UNHCR was established on December 14, 1950 by the UN General Assembly with a three-year mandate to complete its work and then disband. The following year, on July 28, the legal foundation of helping refugees and the basic statute guiding UNHCR’s work, the United Nations Convention relating to the Status of Refugees, was adopted.

Climate change, natural disasters and displacement
In addition to persecution and conflict, in the 21st century, natural disaster (sometimes due to climate change) can also force people to seek refuge in other countries. Such disasters – floods, earthquakes, hurricanes, mudslides – are increasing in frequency and intensity. While most of the displacement caused by these events is internal, they can also cause people to cross borders. None of the existing international and regional refugee law instruments, however, specifically addresses the plight of such people.

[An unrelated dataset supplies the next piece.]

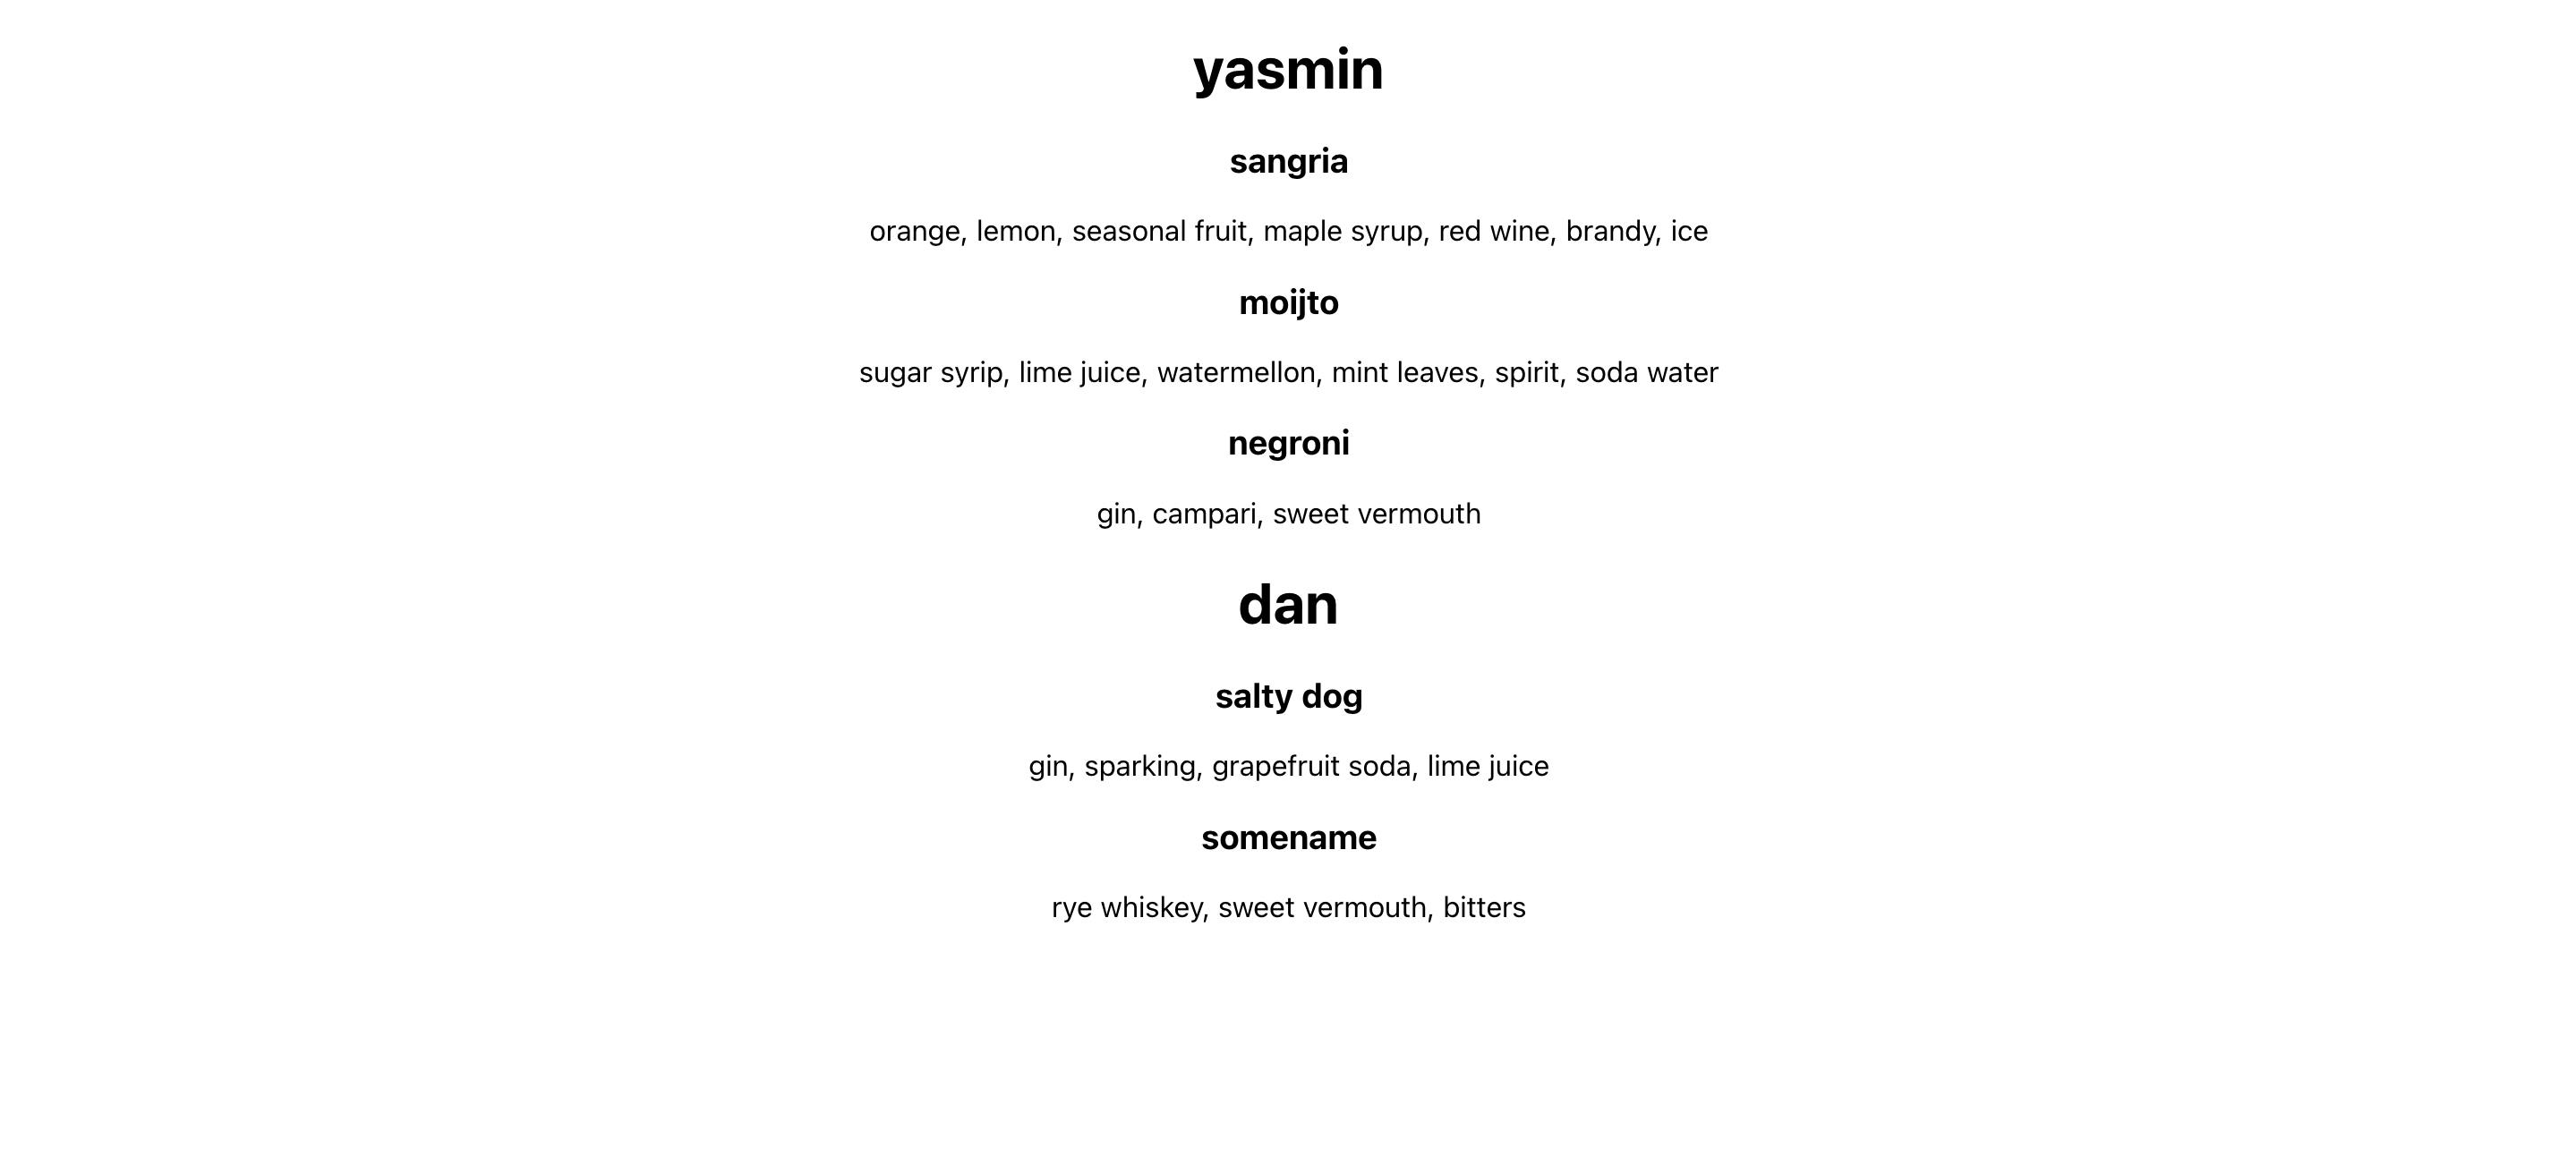 the name Yasmin followed by sangria and a list of ingredients, and the name Dan followed by a list of ingredients

Displacement caused by the slow-onset effects of climate change is largely internal as well. But through its acceleration of drought, desertification, the salinization of ground water and soil, and rising sea levels, climate change, too, can contribute to the displacement of people across international frontiers.

Other human-made calamities, such as severe socio-economic deprivation, can also cause people to flee across borders. While some may be escaping persecution, most leave because they lack any meaningful option to remain. The lack of food, water, education, health care and a livelihood would not ordinarily and by themselves sustain a refugee claim under the 1951 Convention. Nevertheless, some of these people may need some form of protection.

All of these circumstances – conflict, natural disasters, and climate change – pose enormous challenges for the international humanitarian community.